Problem requirements.
The reply should match the listing below character for character, except that no image is carried over.

Information supplied.
◇ ◇ ◇
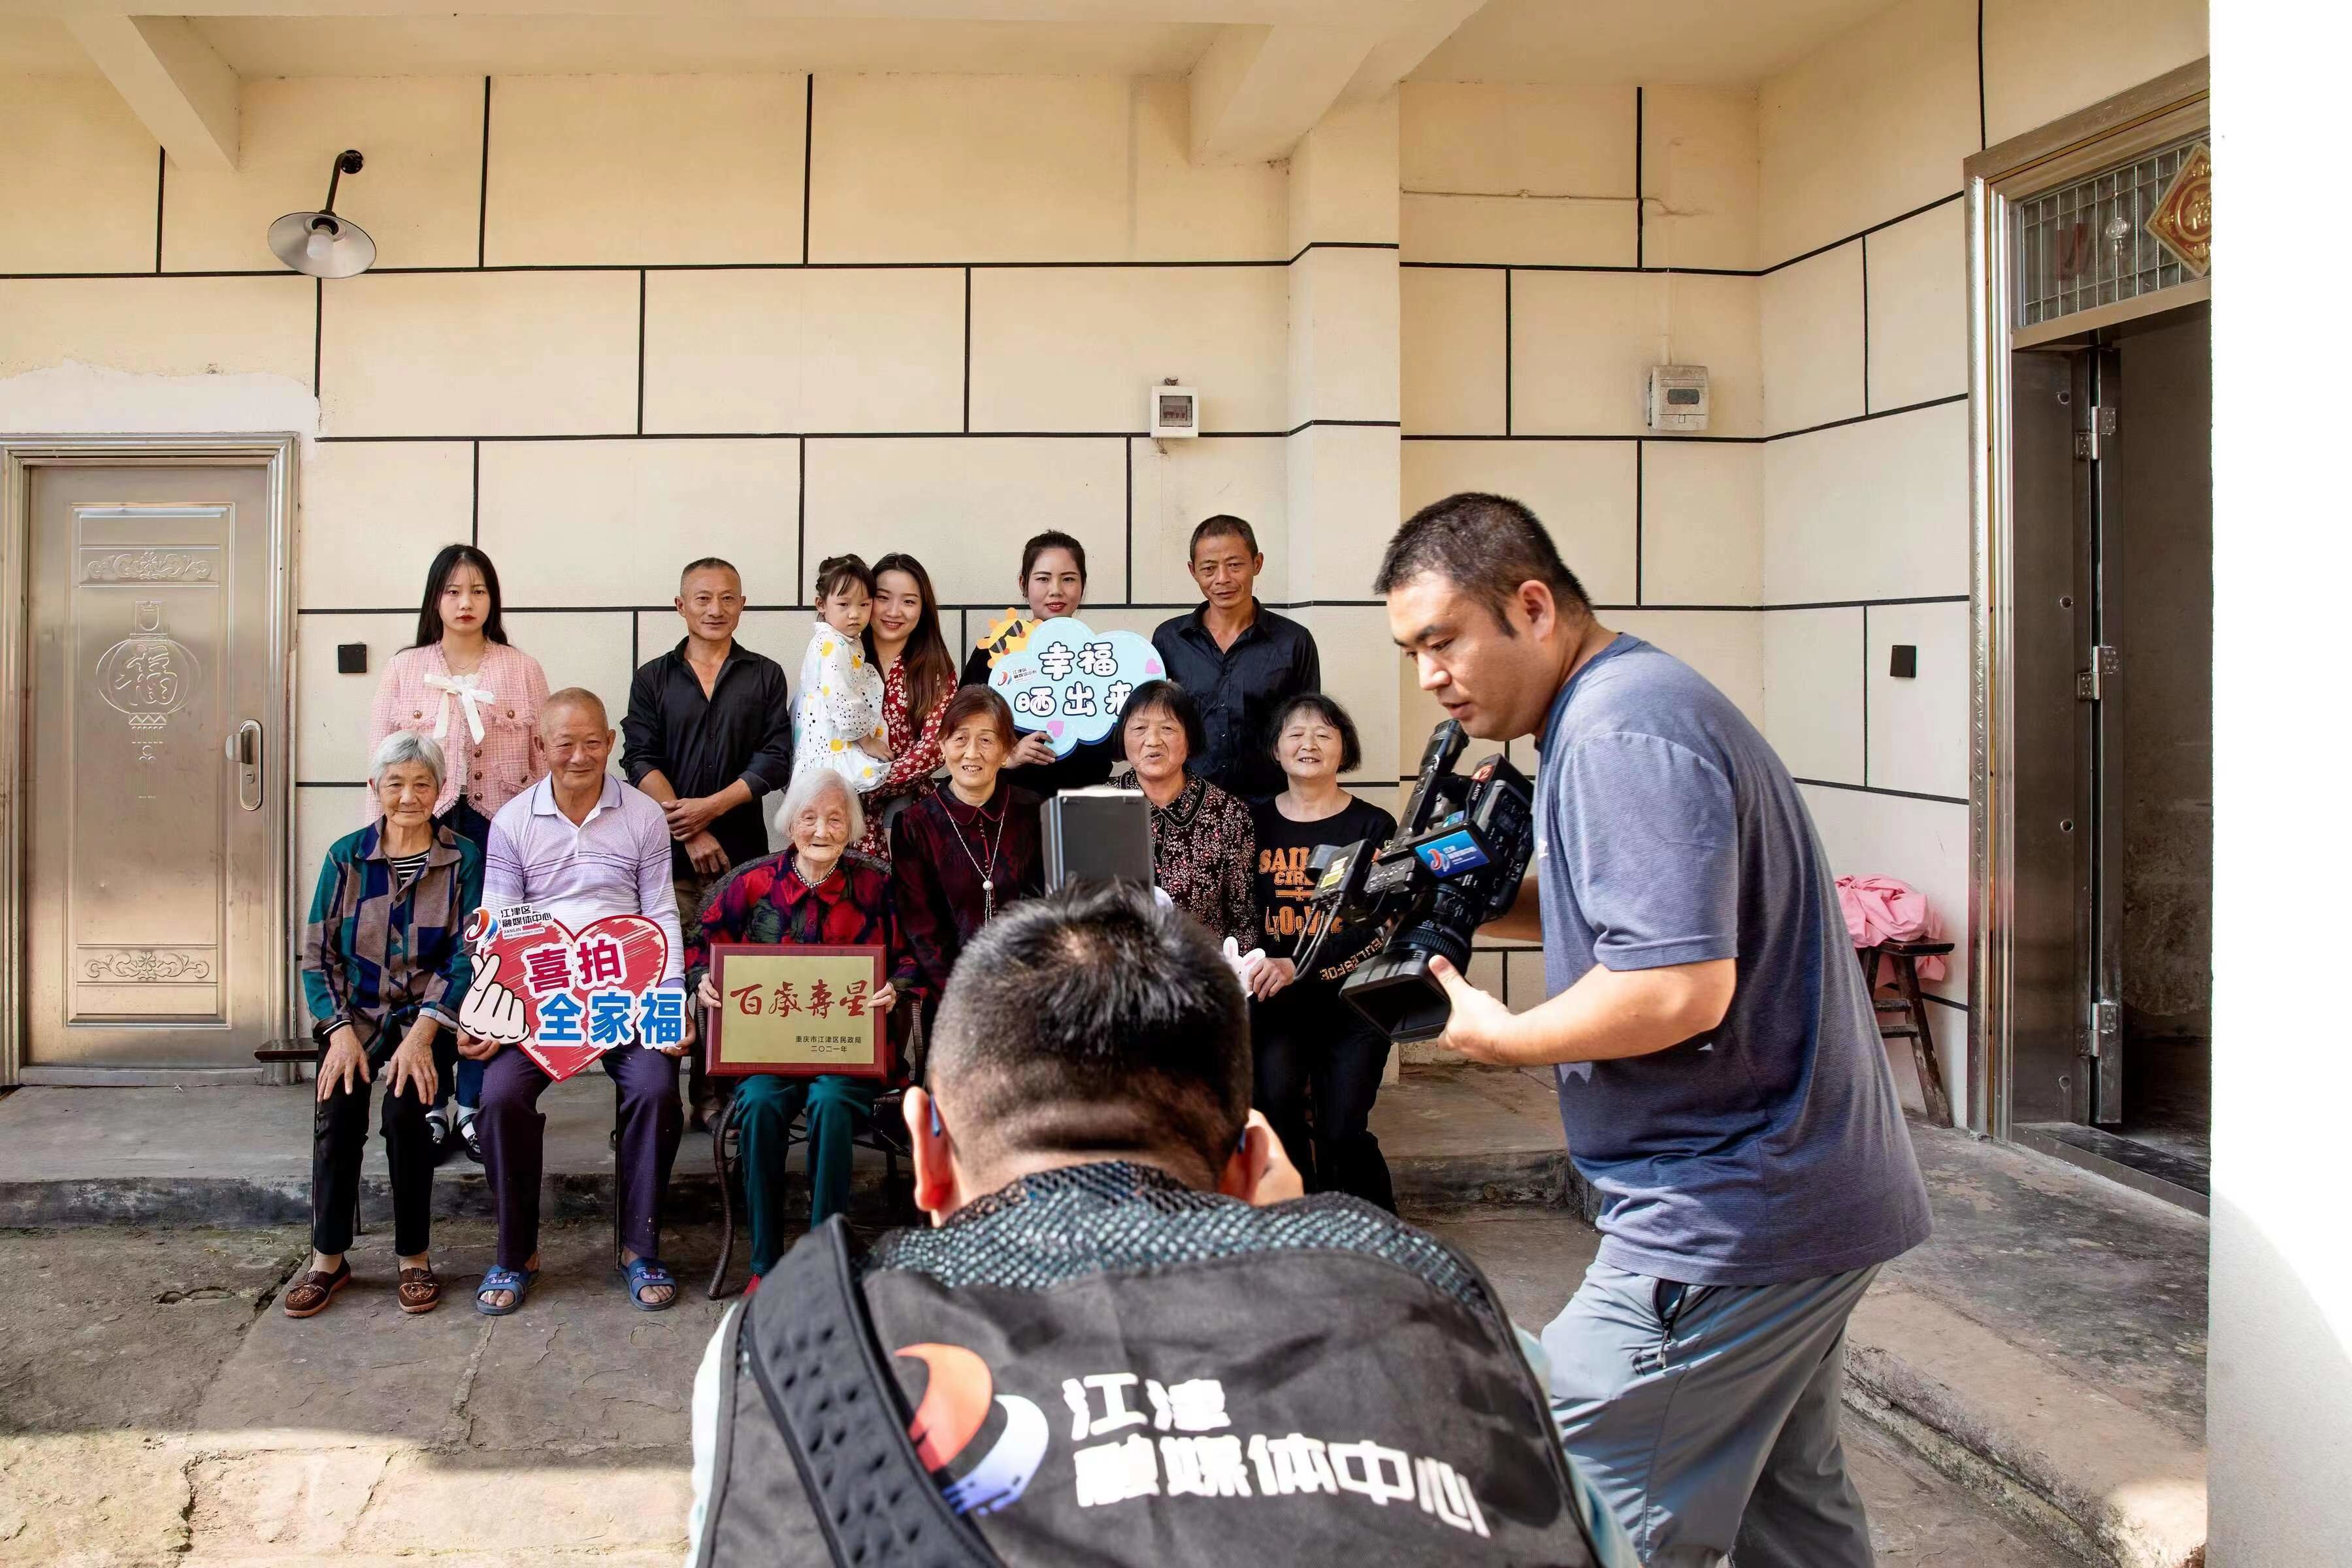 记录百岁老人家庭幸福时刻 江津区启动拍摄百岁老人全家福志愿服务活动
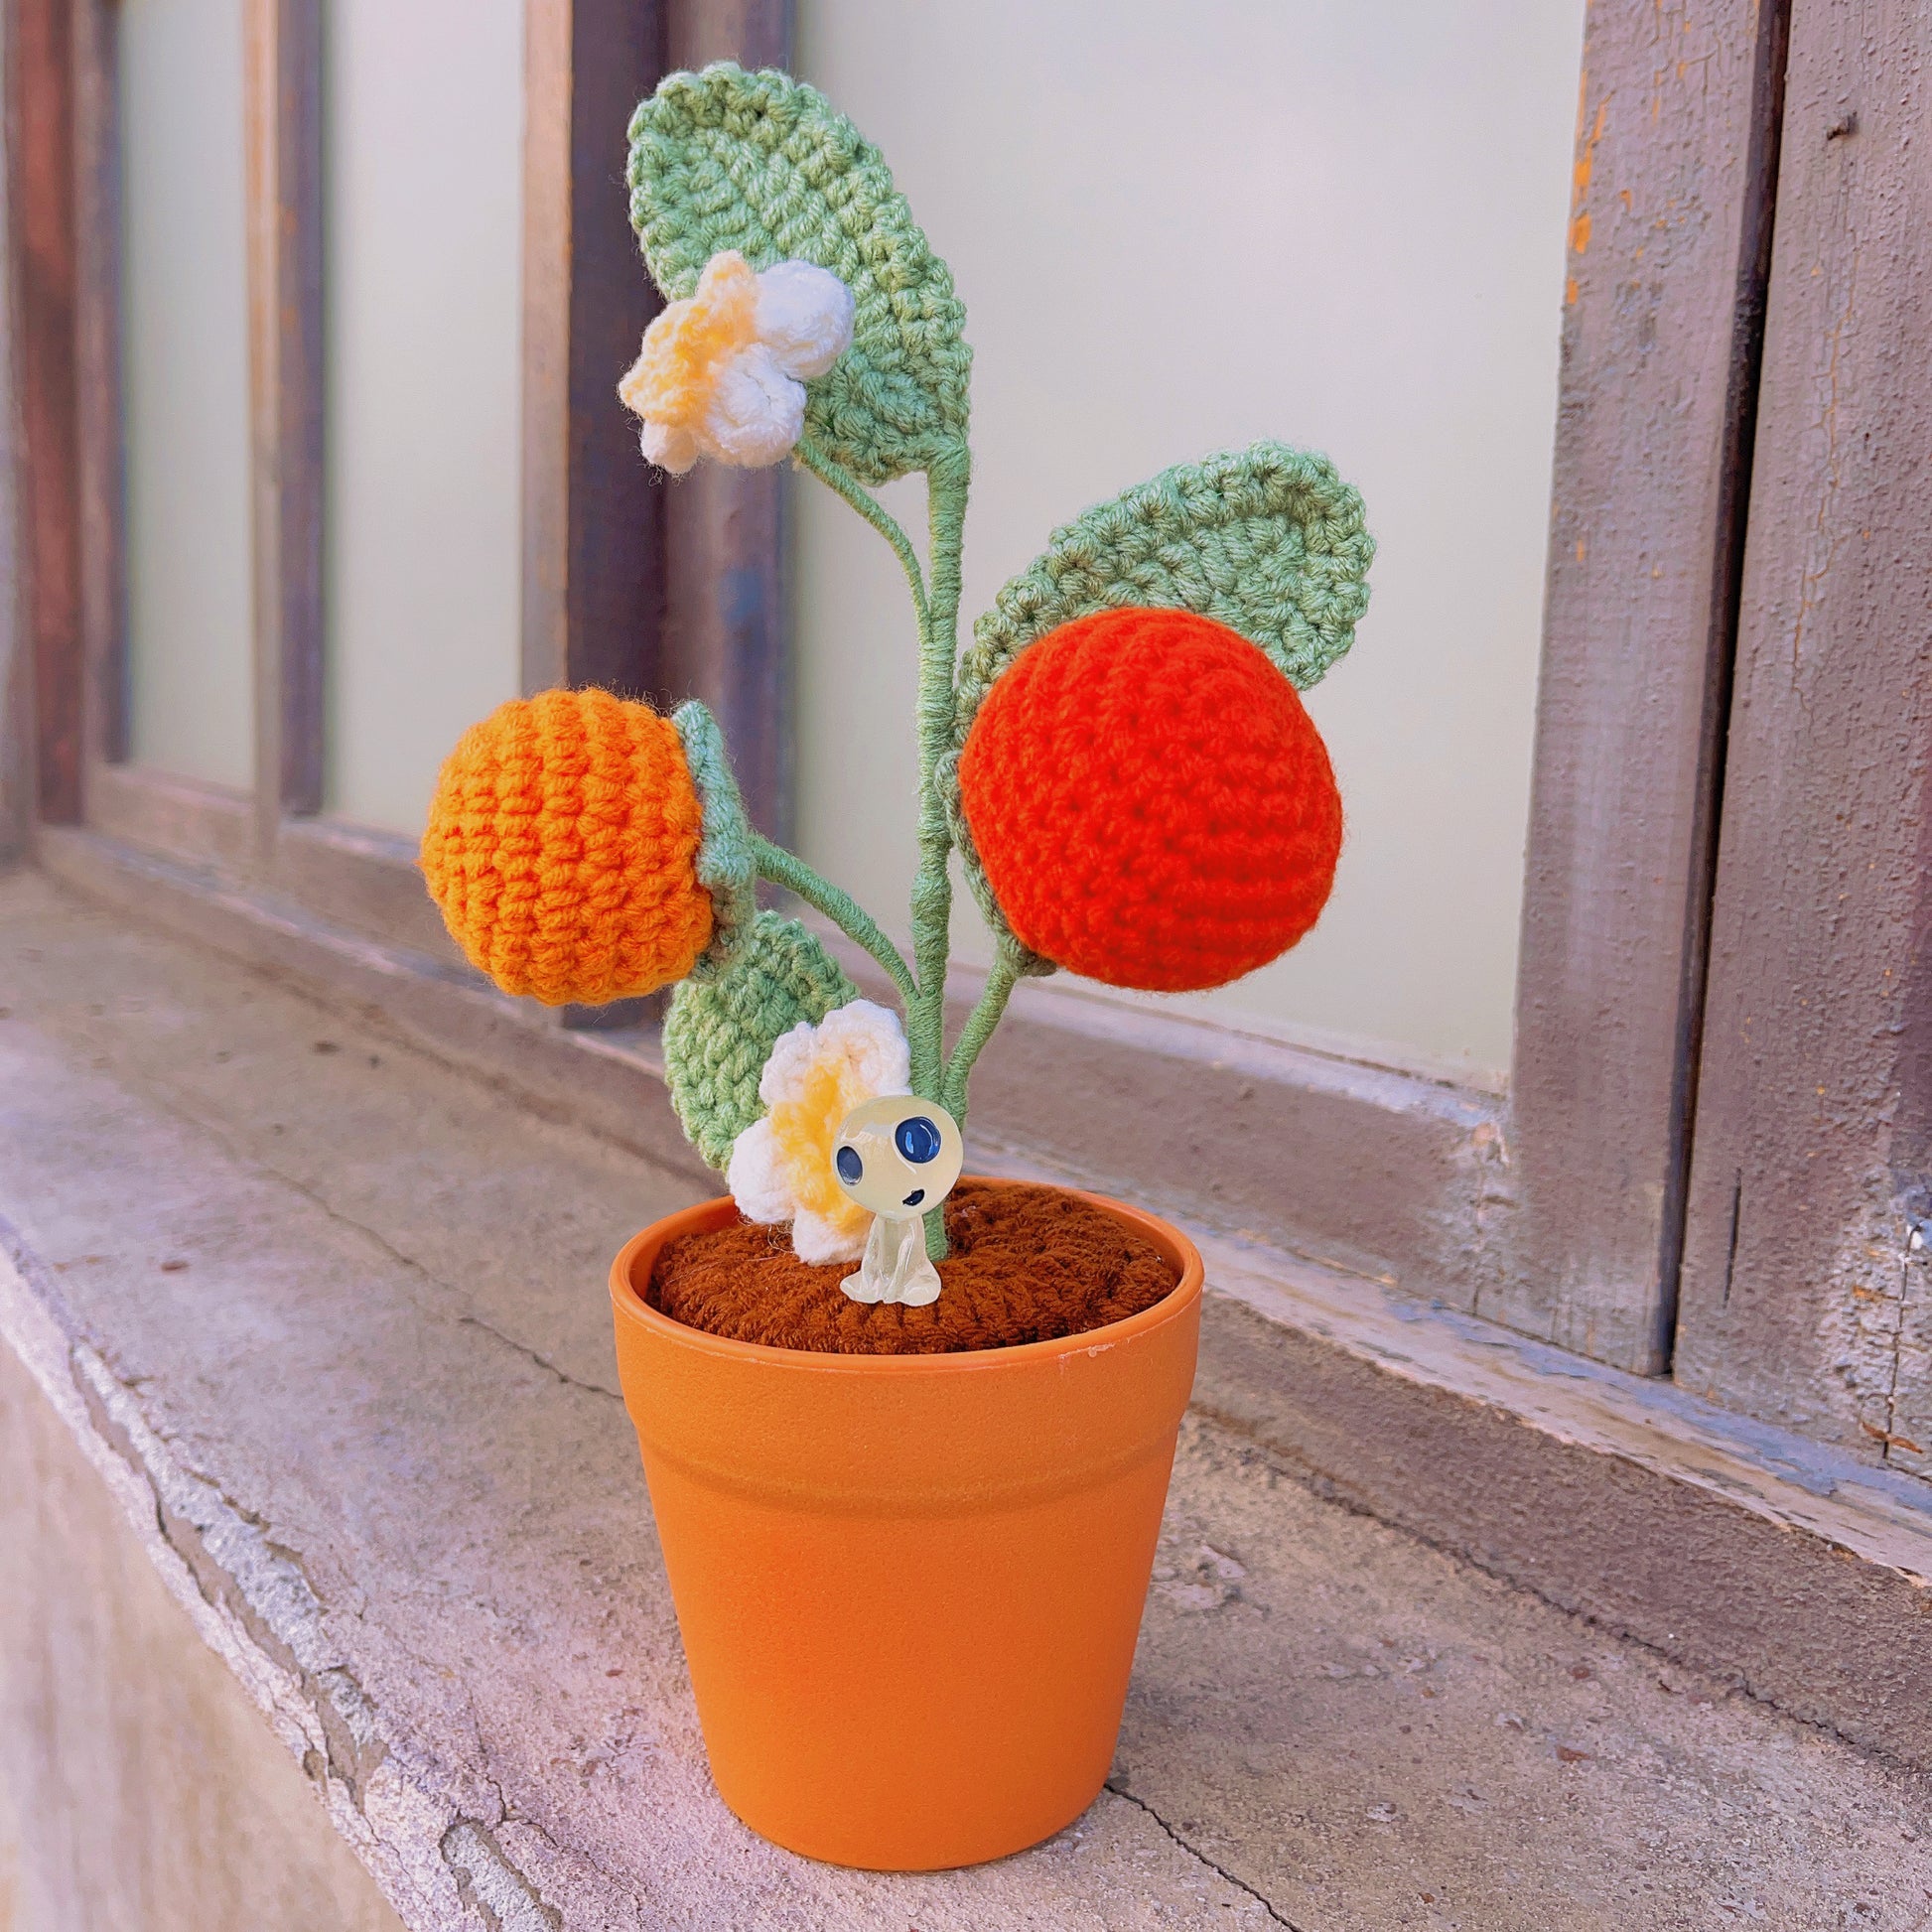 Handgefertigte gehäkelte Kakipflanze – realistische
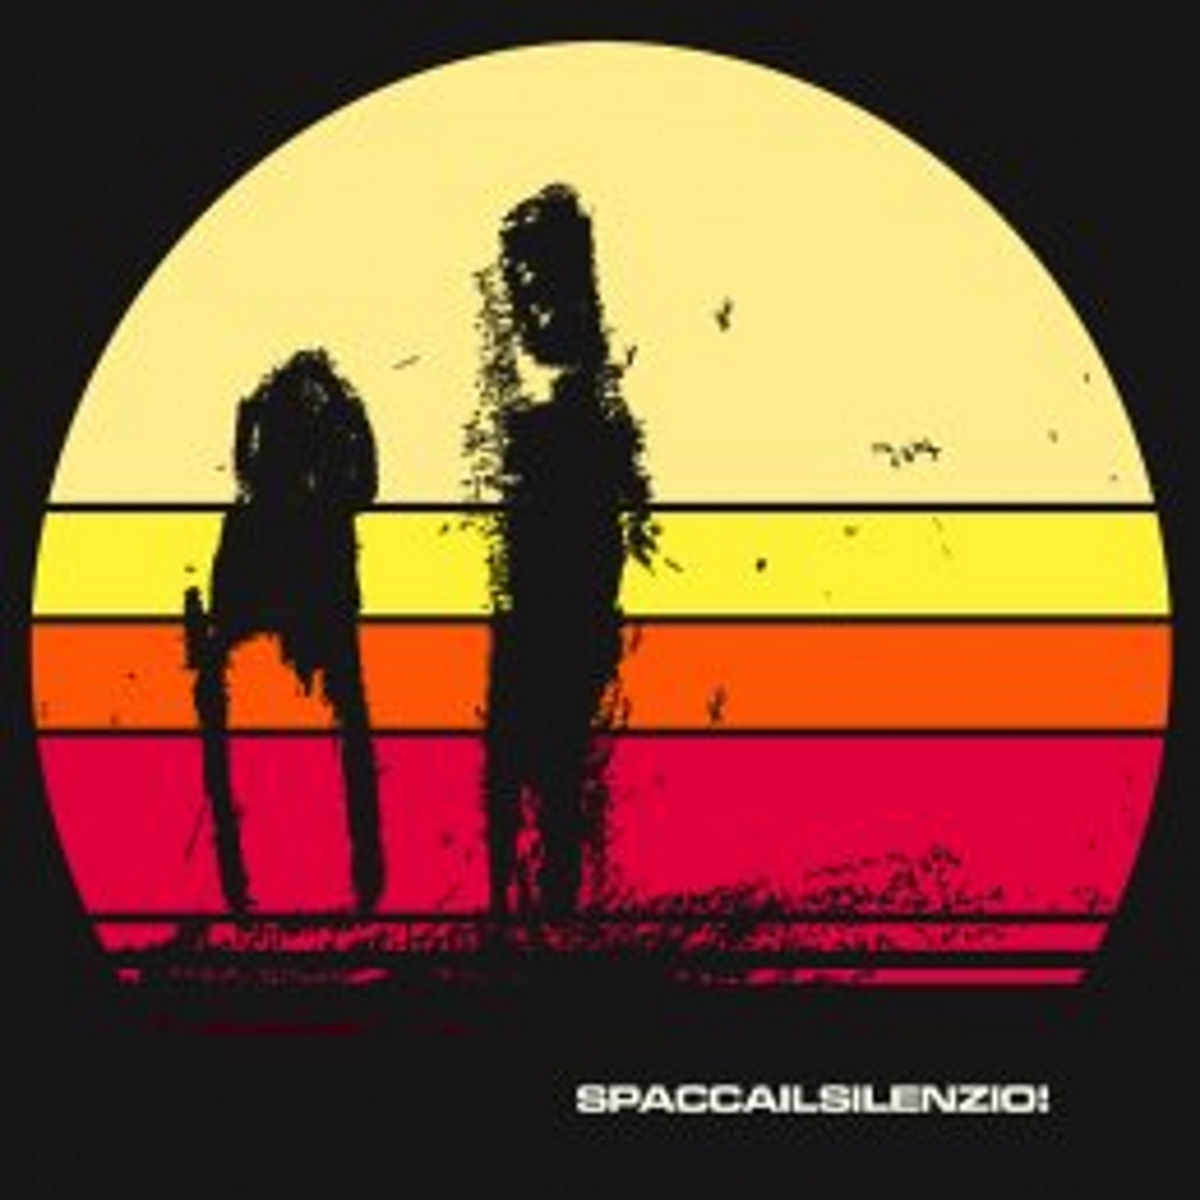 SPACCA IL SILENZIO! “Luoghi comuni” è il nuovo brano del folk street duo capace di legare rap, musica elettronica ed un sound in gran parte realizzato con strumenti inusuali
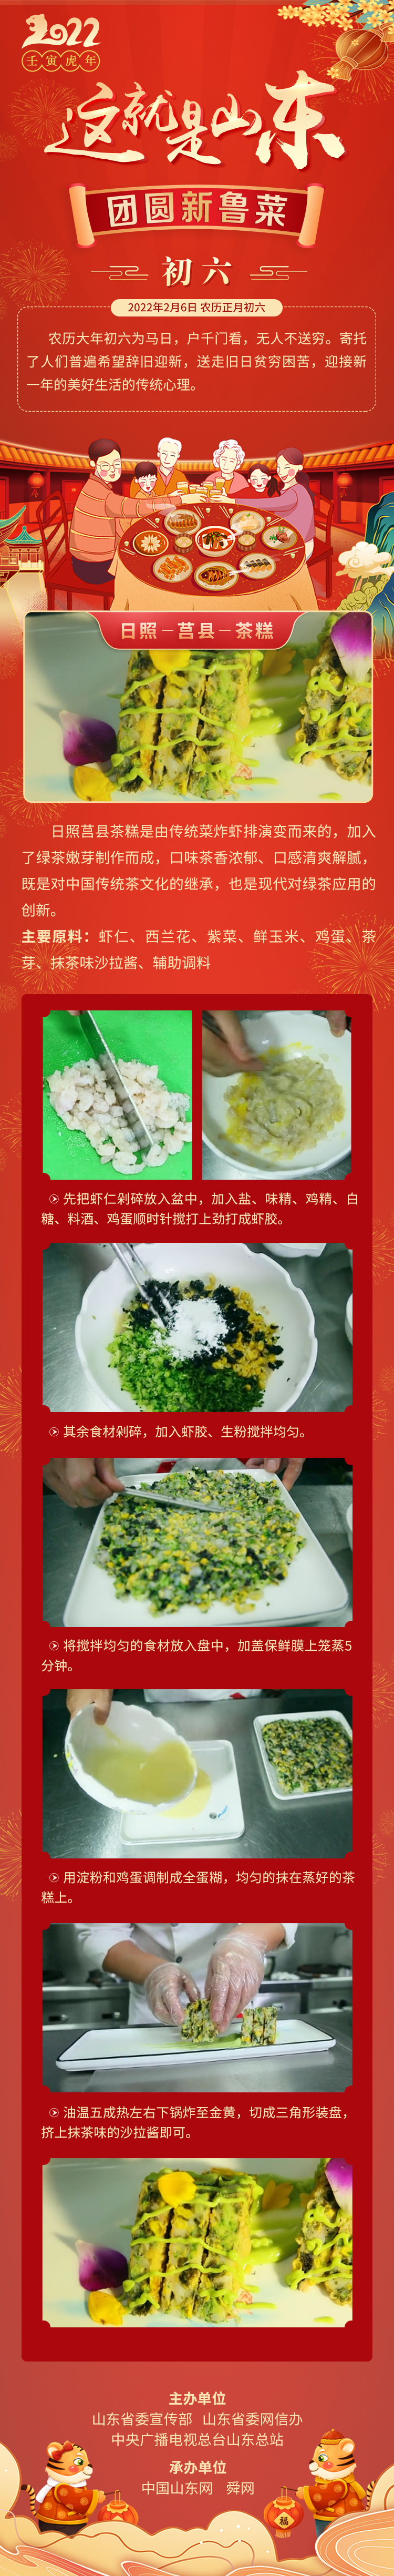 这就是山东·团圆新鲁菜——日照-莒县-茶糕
◇ ◇ ◇
Response to this task.
 记录百岁老人家庭幸福时刻 江津区启动拍摄百岁老人全家福志愿服务活动
 Handgefertigte gehäkelte Kakipflanze – realistische
 SPACCA IL SILENZIO! “Luoghi comuni” è il nuovo brano del folk street duo capace di legare rap, musica elettronica ed un sound in gran parte realizzato con strumenti inusuali
 这就是山东·团圆新鲁菜——日照-莒县-茶糕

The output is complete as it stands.